Sorak sorai kecil terdengar meski mereka kelelahan.
Letnan Miko berjalan ke tengah, menepuk tangan.
"Kalian mulai berpikir seperti tim. Tapi ingat, zombie nggak pake peluru paintball. Mereka datang nggak peduli malam atau siang. Latihan ini belum apa-apa."
Tapi bagi mereka... itu terasa seperti kemenangan pertama.
Dan malam itu, meski penuh lumpur, lebam, dan napas ngos-ngosan—senyum muncul di wajah mereka.
Untuk pertama kalinya, mereka merasa... mungkin mereka bisa bertahan.
Malam itu, udara cukup dingin, tapi langit cerah dipenuhi bintang.
Thom memilih tidur di tengah lapangan, membentangkan jaketnya sebagai alas, dan menatap ke atas. Suara jangkrik bersahutan, sesekali diselingi suara tawa dari tenda-tenda yang masih menyala lampunya.
"Bintang-bintang... akhirnya bisa lihat kalian lagi tanpa asap atau suara sirine," gumamnya.
Tiba-tiba…
"WOI!"
Sony datang sambil menyeret kantong tidur. "Lo kira lo siapa? Tarzan? Tidur di lapangan sendirian!"
"Gue lagi healing, bang," jawab Thom sambil ngakak kecil.
Tak lama, Reno datang dengan bantal di tangan. "Kalau gitu gue ikut healing. Tapi bantal ini punyaku, ya!"
Karin pun muncul sambil membawa termos dan cangkir.
"Minum dulu. Teh manis panas, spesial buat yang sok-sokan jadi anak senja."
Mereka pun rebahan bareng.
Reno menunjuk langit. "Lo liat bintang yang itu nggak? Bentuknya kayak... ayam goreng."
Sony tertawa, "Anjir, lo lapar ya?"
Tiba-tiba, Vian datang sambil guling dan langsung nyeplak,
"Lo semua ngapain tidur ramean kayak anak pramuka yang tersesat?"
Thom tertawa keras, menutup wajah pakai tangan.
"Gue cuma mau sendiri, tapi malah jadi acara camping nasional."
Mereka akhirnya diam sebentar… menikmati malam dan suara alam.
Tapi lalu Reno mulai ngorok.
Sony bangun setengah duduk, "Sumpah, gue lempar nih bantal kalau dia mulai mimpi ngomong."
Dan malam itu pun jadi malam kocak yang tak mereka sangka.
Di tengah dunia yang hancur, di bawah langit yang sama, mereka masih bisa tertawa.
Tak lama kemudian, suara langkah ringan terdengar. Kylie muncul dari arah tenda wanita, mengenakan jaket lusuh dan membawa selimut.
"Wah, asik banget ya... ada camping dadakan di lapangan. Gak ngajak-ngajak," katanya sambil senyum kecil.
Reno langsung duduk, "Lah, lo ngapain ke sini? Ini wilayah cowok-cowok jomblo, lo tau gak?"
Kylie menjawab santai, "Gue denger suara ketawa dari tenda, gue kira zombie lagi joget. Eh ternyata kalian."
Sony melirik Thom, lalu lirih berkata, "Hati-hati, mantan lo nambah lagi tuh."

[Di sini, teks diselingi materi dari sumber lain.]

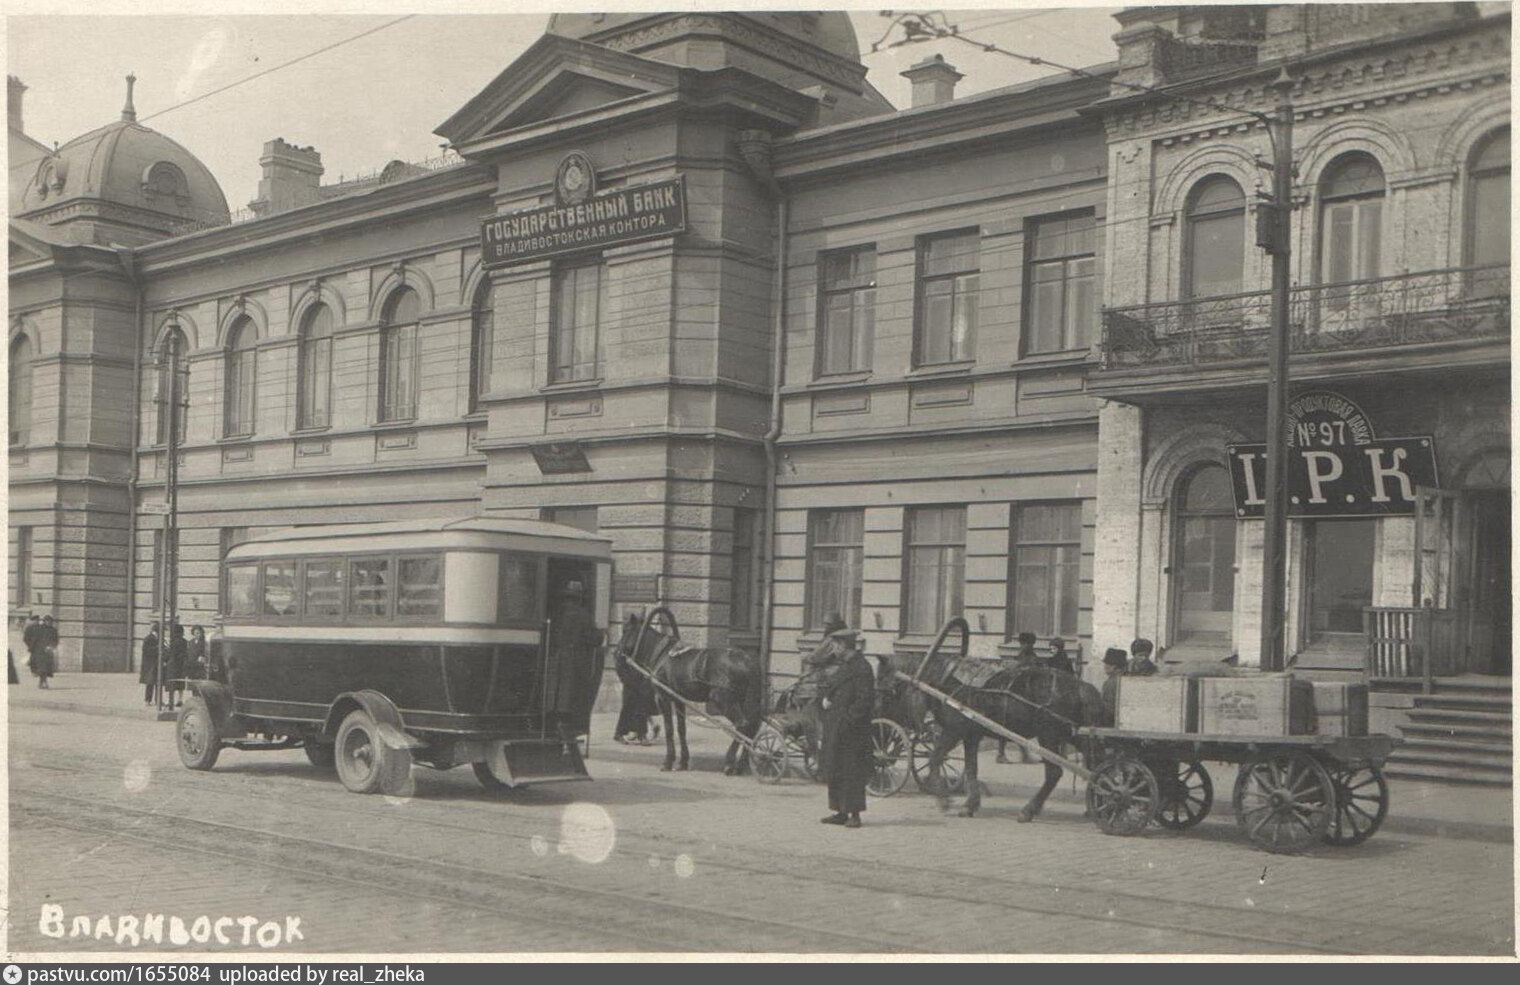 Владивосток 1930 год. Светланская 56 Владивосток. Центральный банк Владивосток. Госбанк 1930 г.

Thom meninju bahu Sony pelan sambil tertawa, "Apaan sih."
Karin menggeser tempatnya. "Sini Ky, masih ada ruang. Tapi siapin mental, Reno ngoroknya kayak motor mogok."
Kylie duduk, lalu membenamkan diri dalam selimut.
Mereka semua terdiam sebentar, menatap bintang, larut dalam damai yang langka.
Lalu Kylie berkata pelan, "Tau gak... kita kayak anak-anak SMA biasa yang lagi kemping. Kalau bukan karena zombie, kita pasti lagi bahas ujian atau gebetan."
Vian menjawab, "Tapi sekarang yang kita bahas... gimana caranya gak jadi santapan."
Reno berseru, "Atau... gimana caranya bisa ketawa kayak malam ini lagi besok."
Semua setuju, meski tanpa kata.
Malam itu, di bawah langit yang sama, mereka semua jadi satu: bukan hanya penyintas, tapi juga sahabat dalam tawa dan luka.
Thom berguling ke samping, merintih pelan, "Gila... kita tidur di tanah, tanpa alas, gak ada kasur, gak ada bantal. Gila..."
Lalu matanya melirik ke arah Kylie yang sedang duduk santai dengan bantal kecil di pangkuannya.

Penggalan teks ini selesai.